> [To do]: In the records below, find the line with "Latham resident Steve", then copy each line exactly until you have copied the line with "Фото Натальи: исторические". Leave any picture out.
[[ Materials provided open ]]
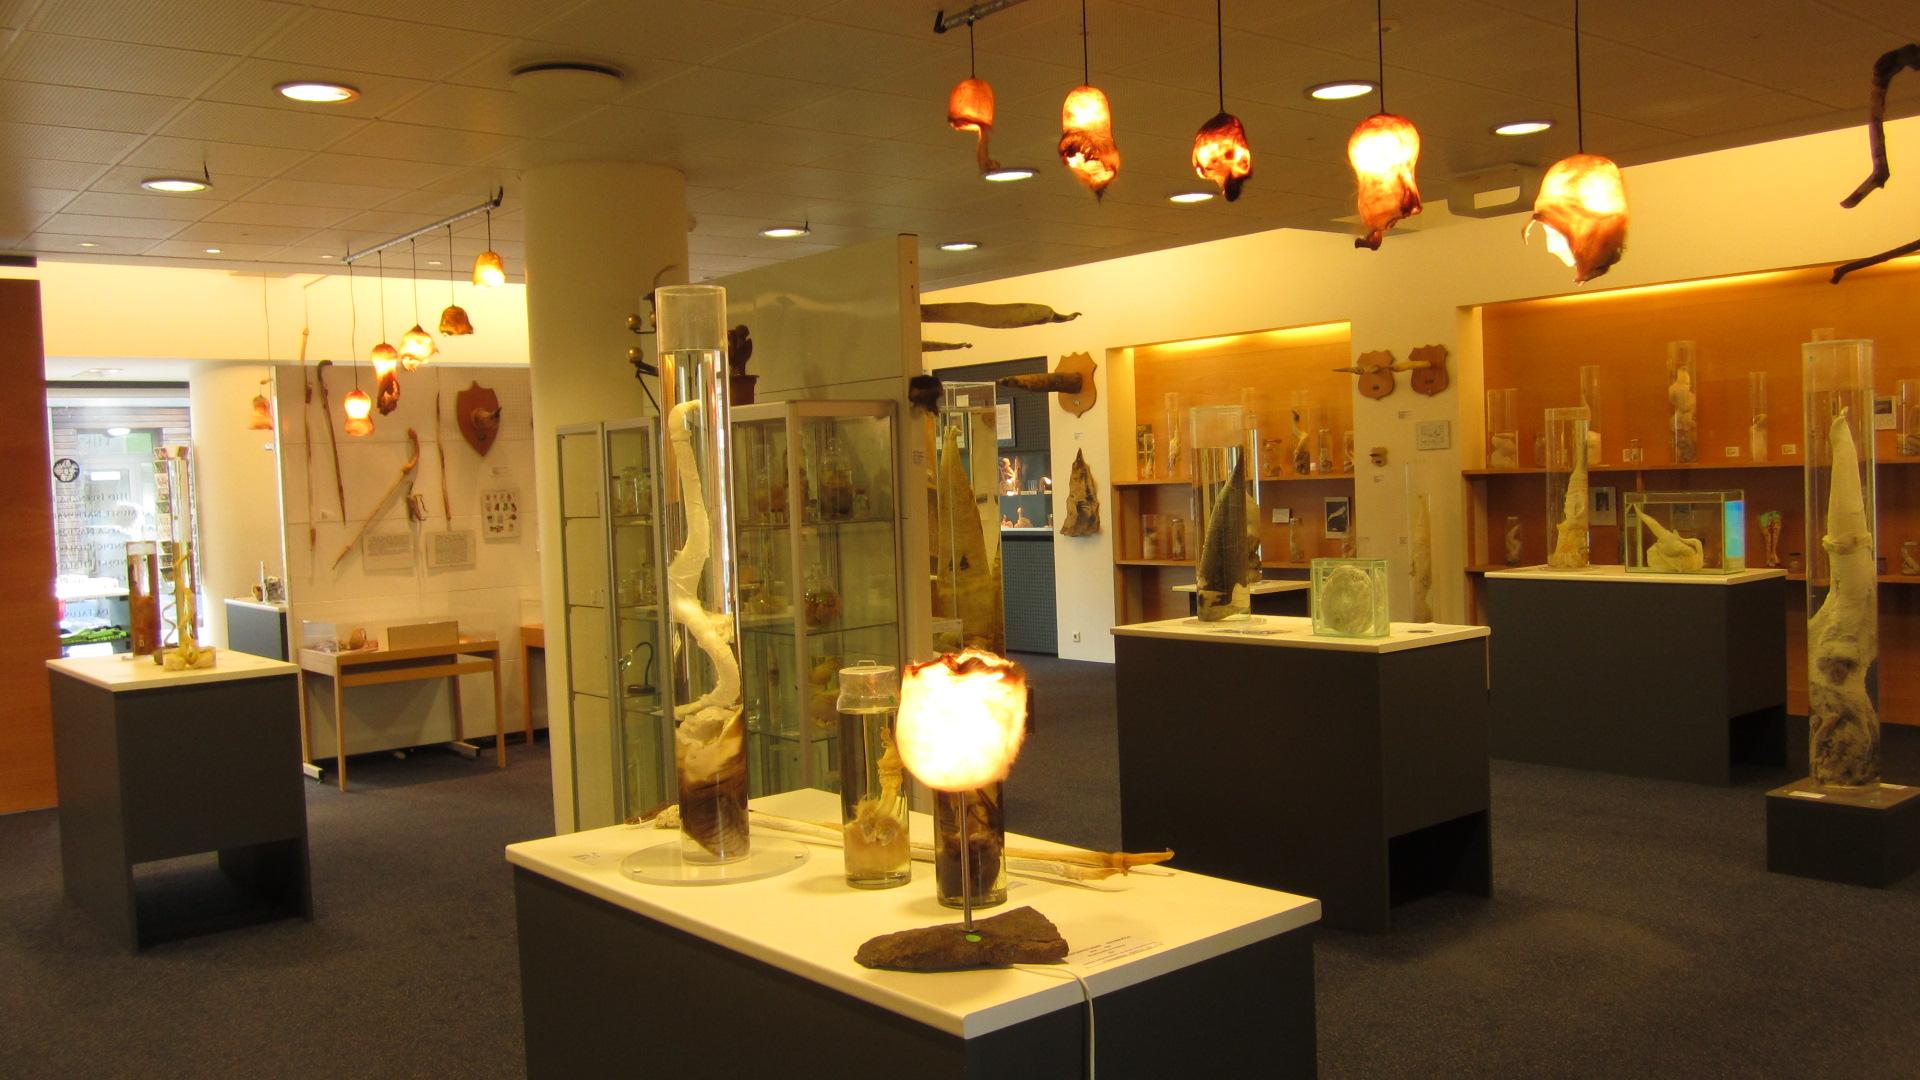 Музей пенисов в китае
[[ Materials provided closed ]]
[[ Materials provided open ]]
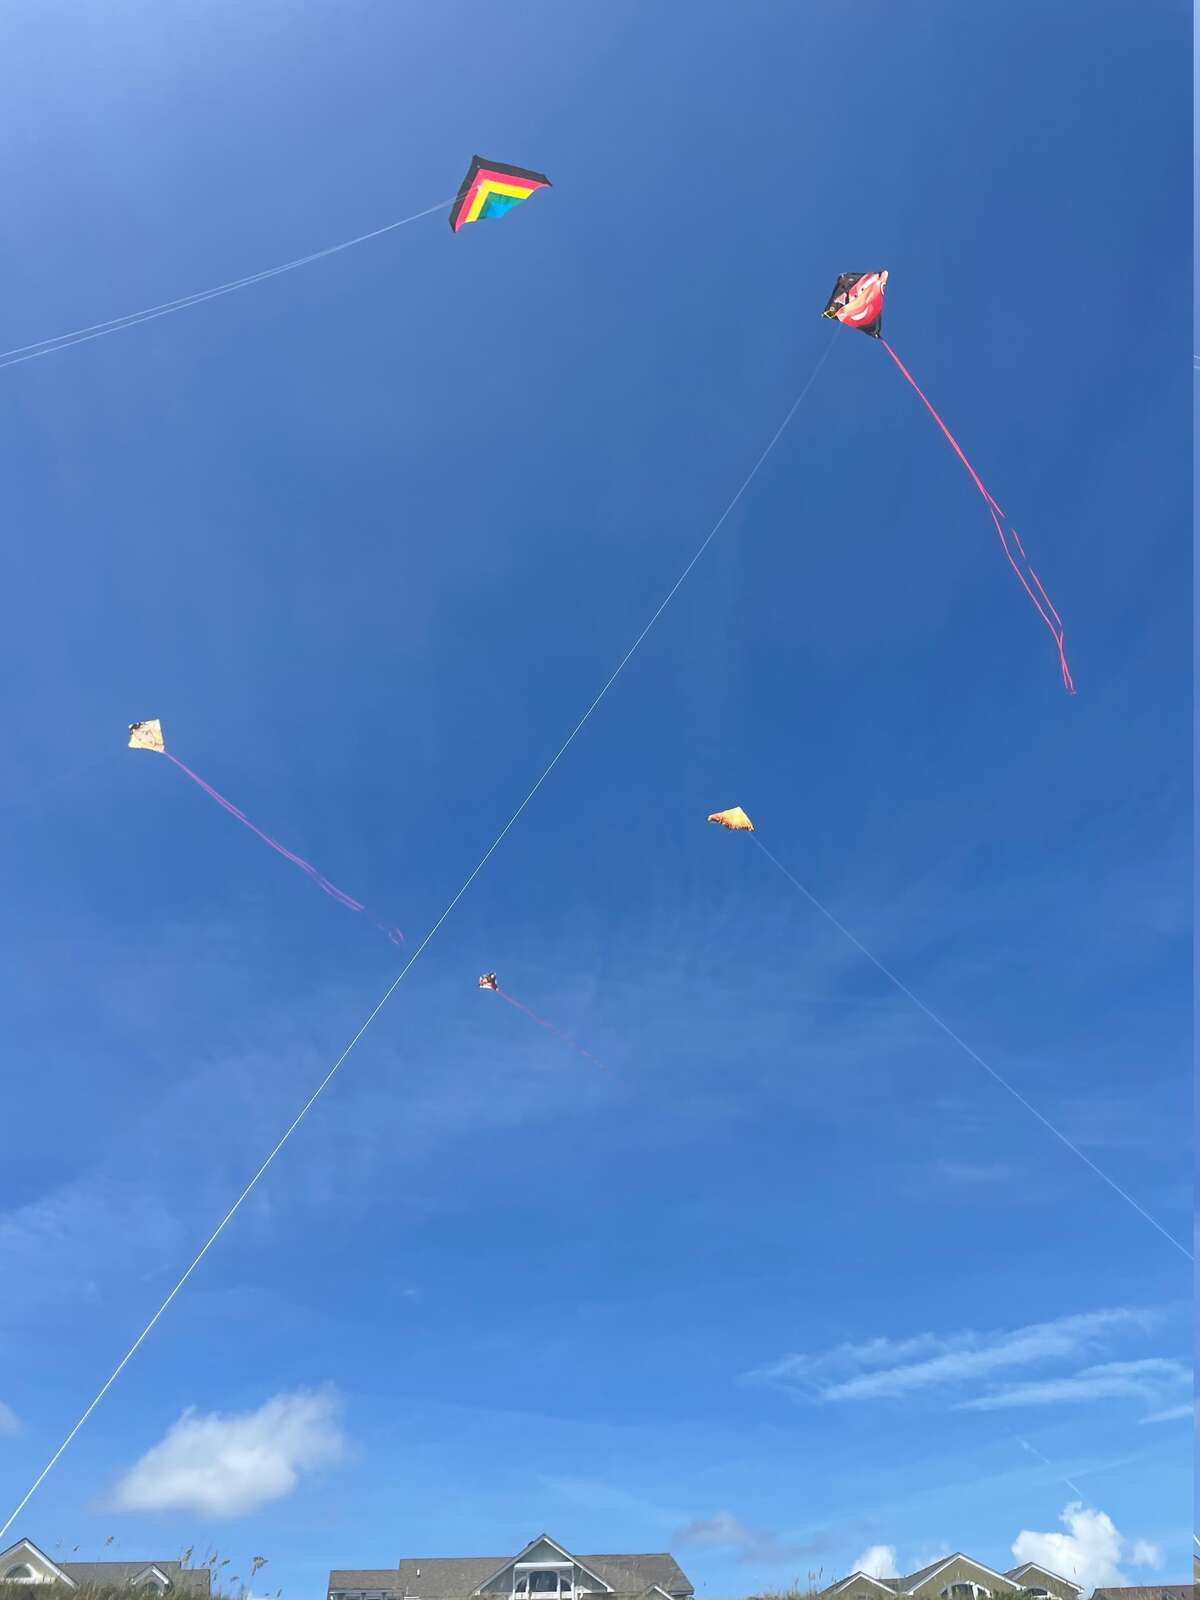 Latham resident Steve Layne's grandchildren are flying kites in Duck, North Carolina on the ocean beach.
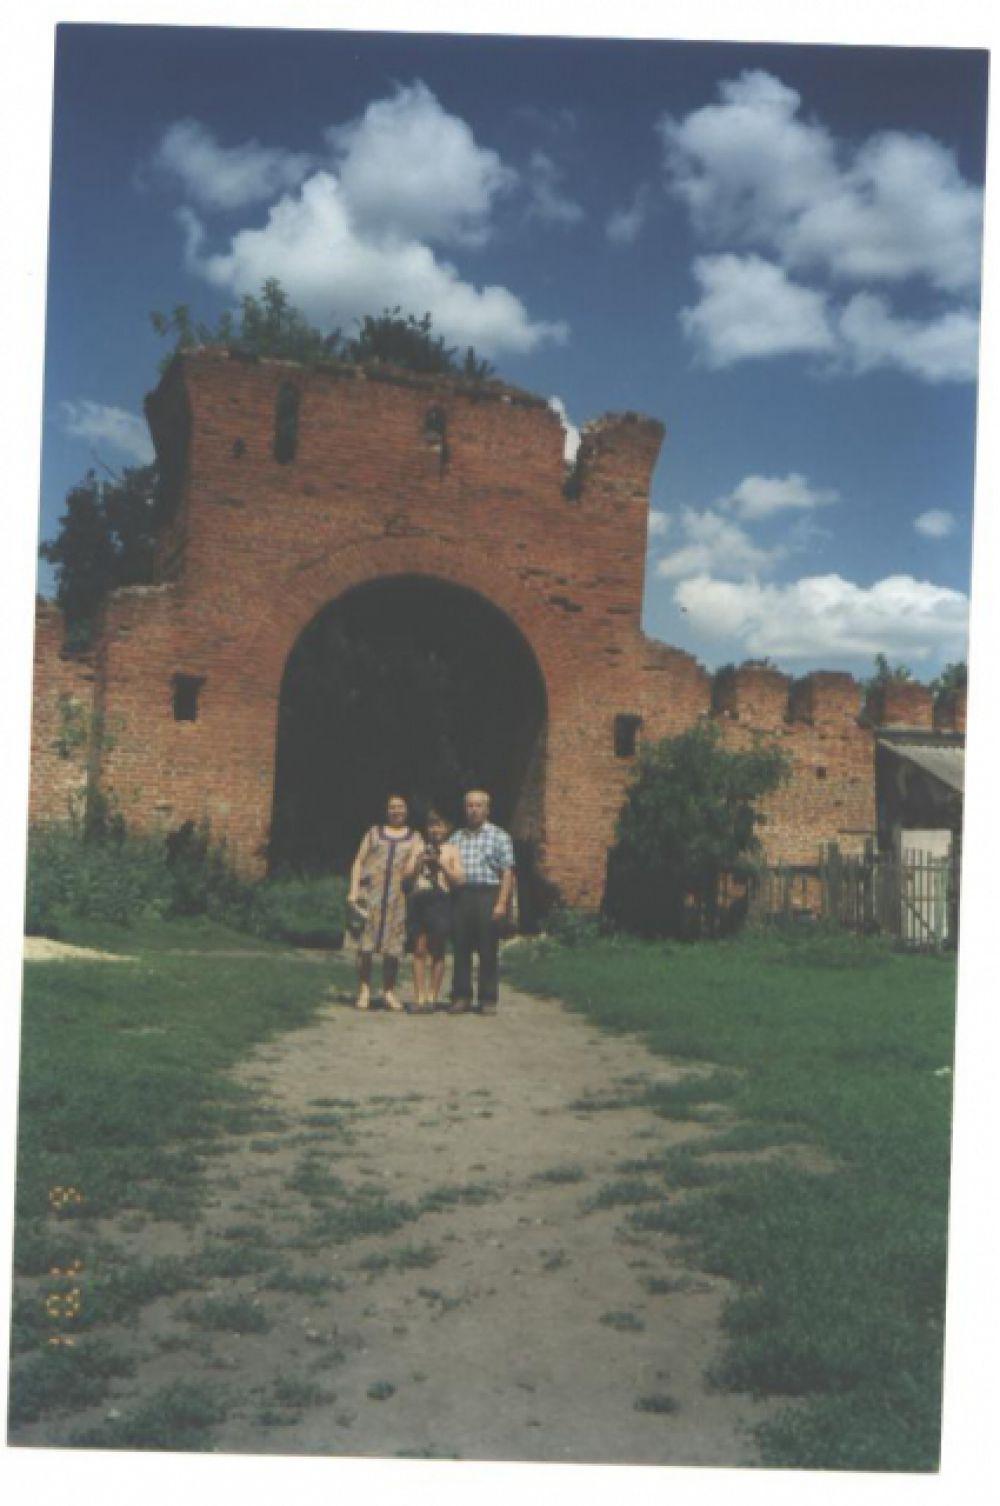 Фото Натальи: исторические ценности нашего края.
[[ Materials provided closed ]]
> [Solution for this exercise]:
 Latham resident Steve Layne's grandchildren are flying kites in Duck, North Carolina on the ocean beach.
 Фото Натальи: исторические ценности нашего края.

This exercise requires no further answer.